PITTSBURGH (AP) -Not many NFL players refer to their coach as Dad, yet that is what defensive coordinator Dick LeBeau is called in the Pittsburgh Steelers’ locker room.
Coach Dad, to be precise.
So when the Steelers realized LeBeau’s 70th birthday fell on the day of their season opener Sunday in Cleveland, his players decided to do something special. Even more special than those LeBeau throwback uniforms they wore to the Pro Football Hall of Fame last month to lobby for the former Detroit Lions defensive back’s induction.
First, they presented him with a gold Rolex watch at their pregame meeting Saturday night. Then they gave him exactly the kind of performance he wanted to start the season, one featuring six sacks, five turnovers and 46 yards rushing allowed in a 34-7 rout of the Browns.
Happy birthday? It was more like Happy Father’s Day.
“We love that guy to death. We’d do anything for him,” defensive captain James Farrior said.
Linebacker Clark Haggans took the analogy further, saying if LeBeau had asked them to take a Steelers flag and plant it atop Browns Stadium, his players would have done so willingly.
There’s a reason for all this loyalty, besides LeBeau’s ability to teach and motivate. The Steelers love LeBeau’s blitz-heavy, come-from-all-angles defense that has played such a decisive role in the 15-1 season of three years ago and the Super Bowl championship of two seasons ago.
They also consider last season’s 8-8 record an anomaly, one in which Ben Roethlisberger’s mishaps and the uncertainty surrounding coach Bill Cowher’s status proved overly distracting. To them, their 6-2 finish was more representative of their overall strength.
While new coach Mike Tomlin also was a defensive coordinator before becoming a head coach, it already seems he is allowing LeBeau to dig deeper into his bag of tricks than Cowher did.
“We gave them some different looks, different angles and really got after them,” defensive end Aaron Smith said.
LeBeau showed more variations of the Steelers’ traditional 3-4 line than in the past, at times rotating two different three-man line combinations.
He also played some 4-3 with four large bodies stacking the line of scrimmage, rather than flanking his three-man line with two faster, standup linebackers.
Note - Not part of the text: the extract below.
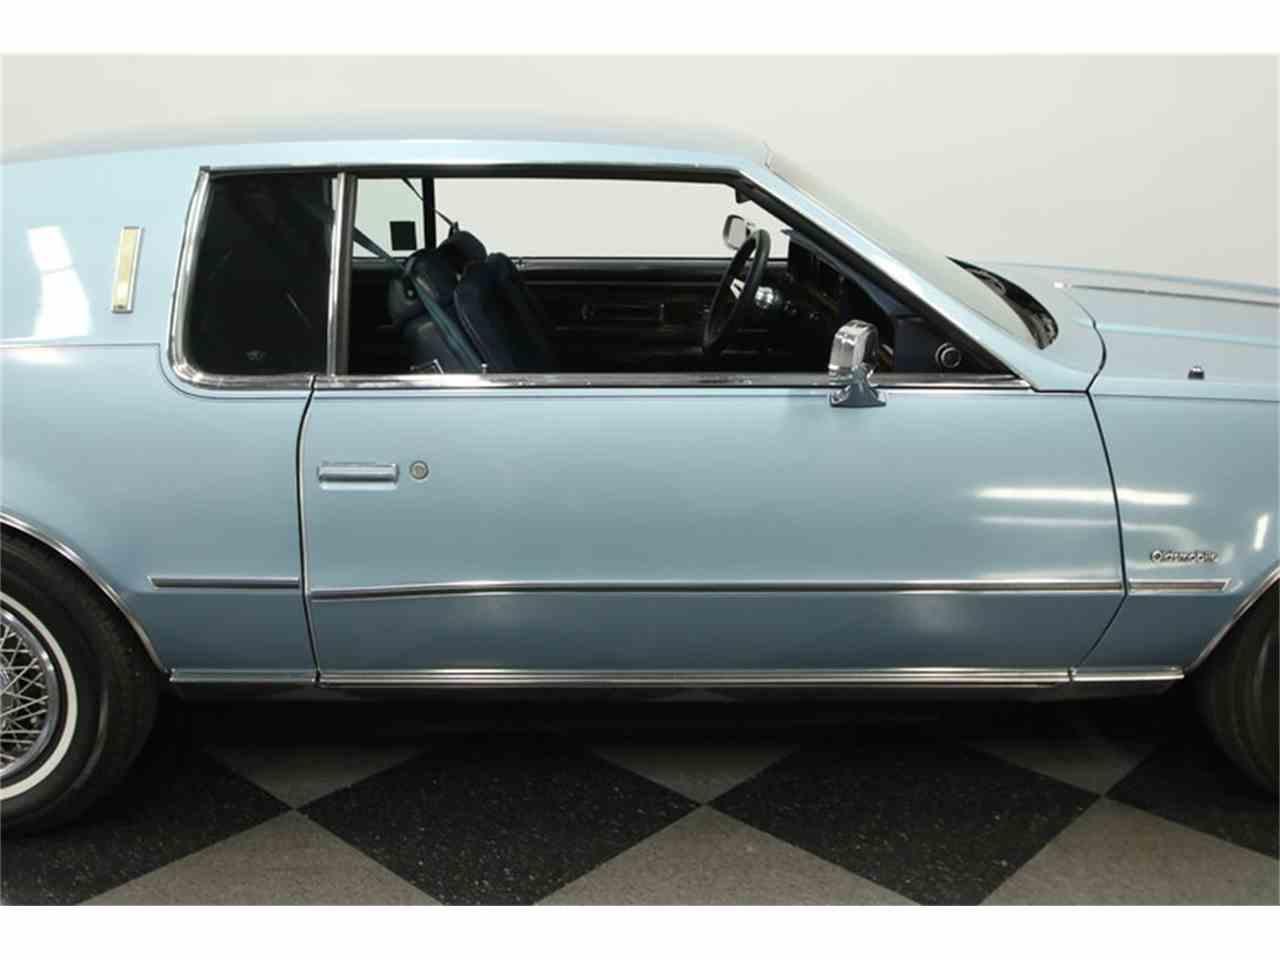 Large Picture of '85 Toronado - $9,995.00 - JPY6
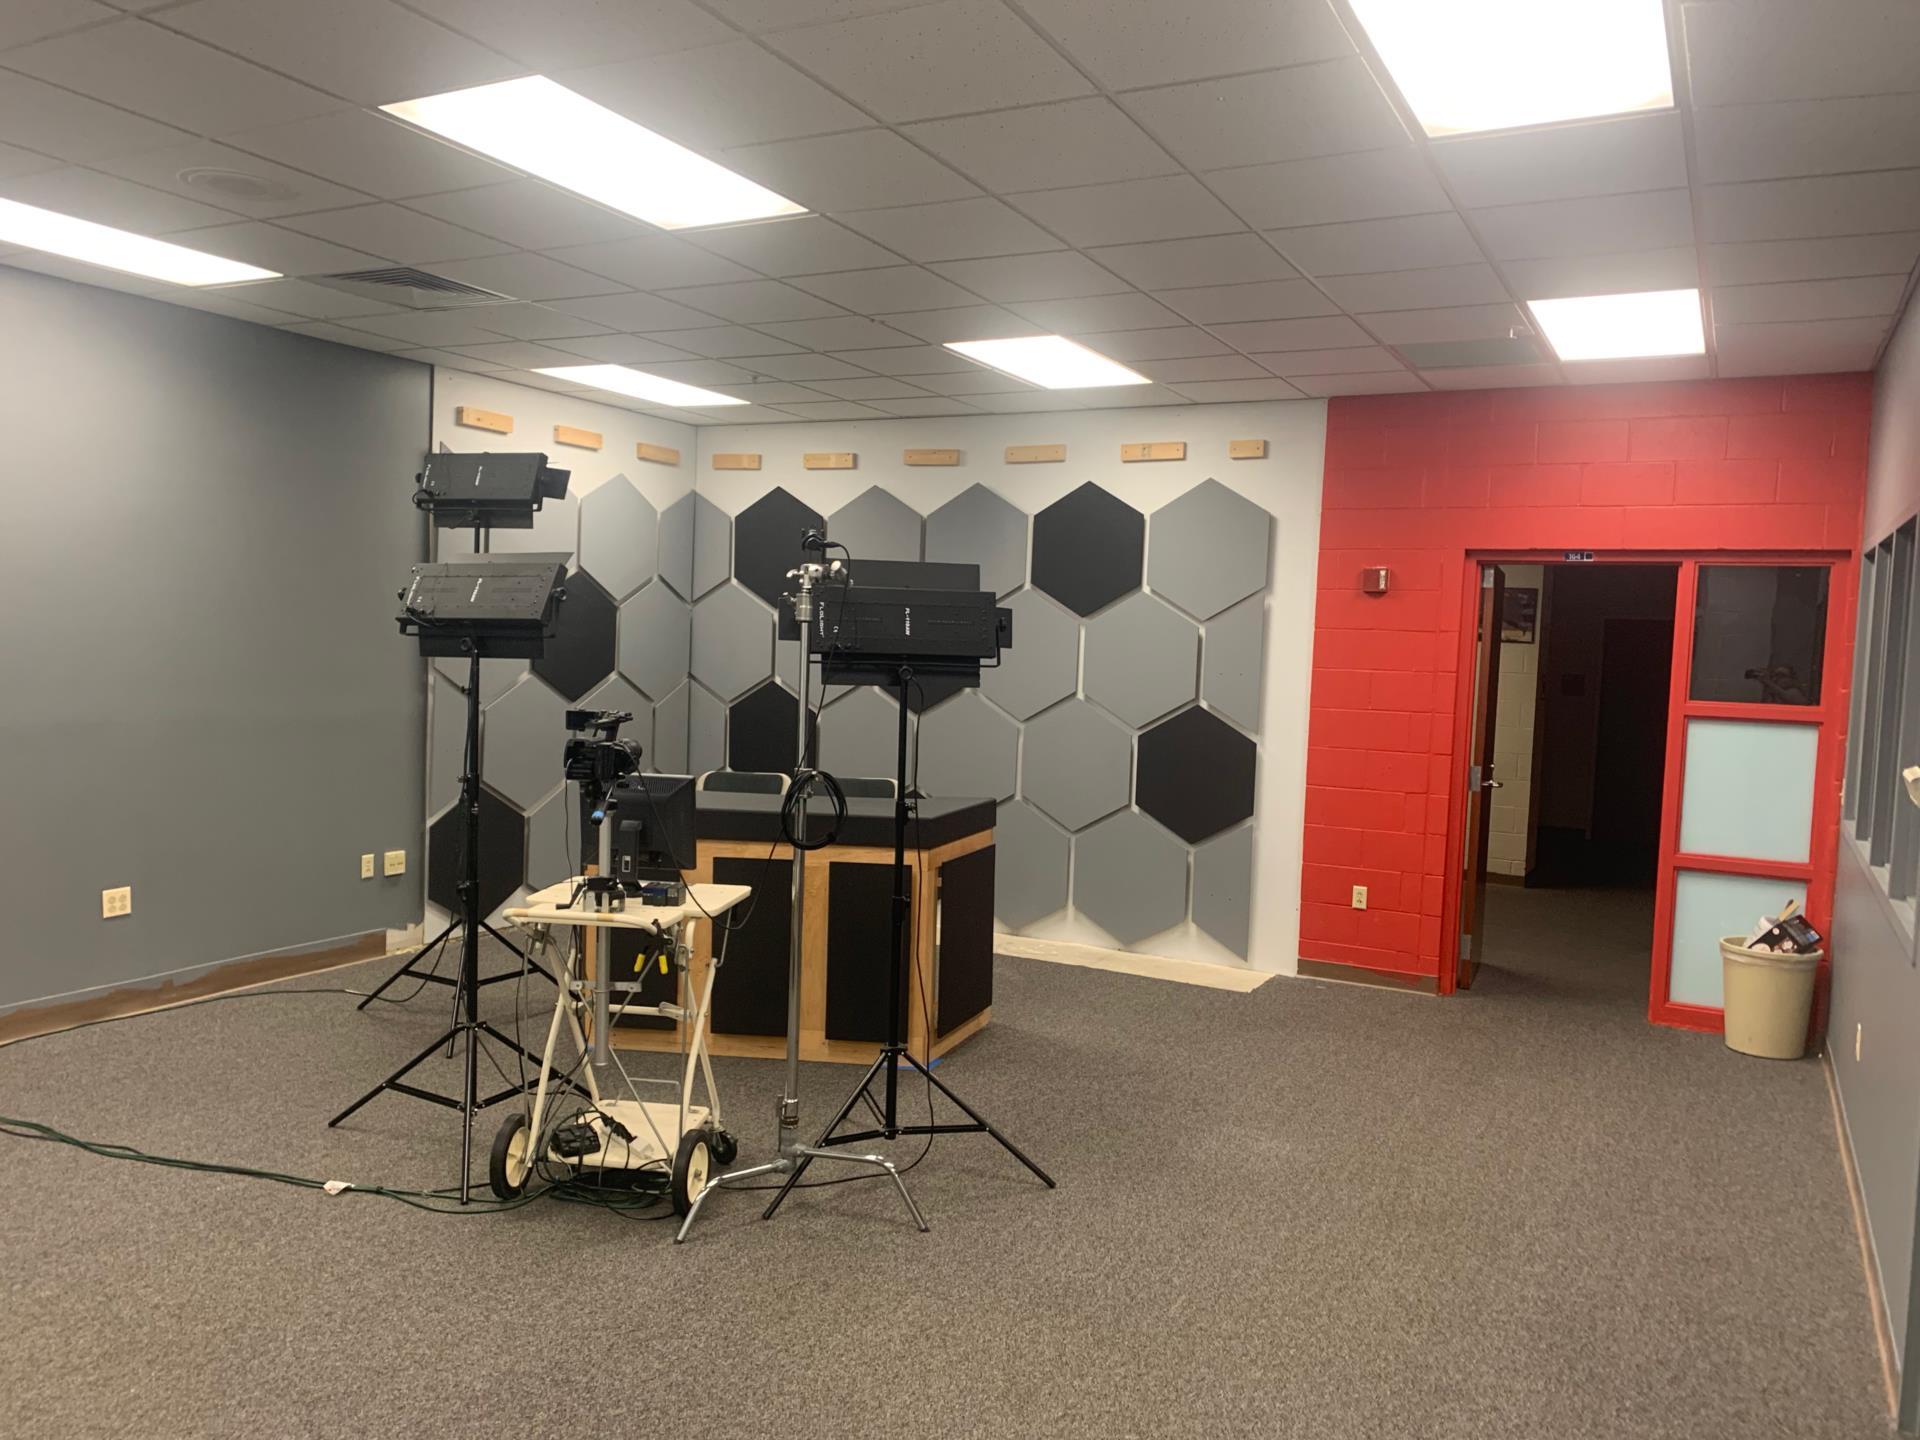 BeeTV finished renovations

LeBeau used defensive ends Smith and Brett Keisel and nose tackles Casey Hampton and Chris Hoke in that alignment.
“We wanted to get our big guys on the edge and rush their people,” Tomlin said.
The Steelers came from so many different directions, cornerback Ike Taylor had one of their six sacks even though he rarely blitzes. At times they also used the Tomlin-preferred cover-2 defense that drops the safeties in zone coverage downfield.
“Up front, we played great,” safety Ryan Clark said. “We made them one-dimensional and made them throw the ball. We got them out of their comfort zone.”
Former Pro Bowl linebacker Joey Porter, the Steelers most visible defensive personality and the on-field leader for years, is now in Miami. The rest of the defense from that Super Bowl team is largely intact, and LeBeau seems to dream up something new, something different every season.
“We pretty much have the same philosophy and mentality,” Keisel said. “There are some changes in the coaching staff and in some of the things we do, but it’s pretty much the same team.”
A favorable schedule also might help the Steelers get off to the fast start that eluded them in their post-Super Bowl season a year ago, when they won their opener but dropped six of their next seven.
They have Buffalo and San Francisco at home the next two weeks, games they will be favored to win. After that, it’s a Sept. 30 trip to Arizona to meet up with former assistant coaches Ken Whisenhunt and Russ Grimm.
They return home to face Seattle in an Oct. 7 rematch of the February 2006 Super Bowl, then have a week off before the schedule toughens with Denver and Cincinnati on the road.
If the opener is any indicator, this Steelers team doesn’t have to worry about being effectively eliminated from the playoffs by midseason.
“It’s what I’ve been saying, the 2007 season starts with us,” Keisel said, referring to the defense. “It was a good start.”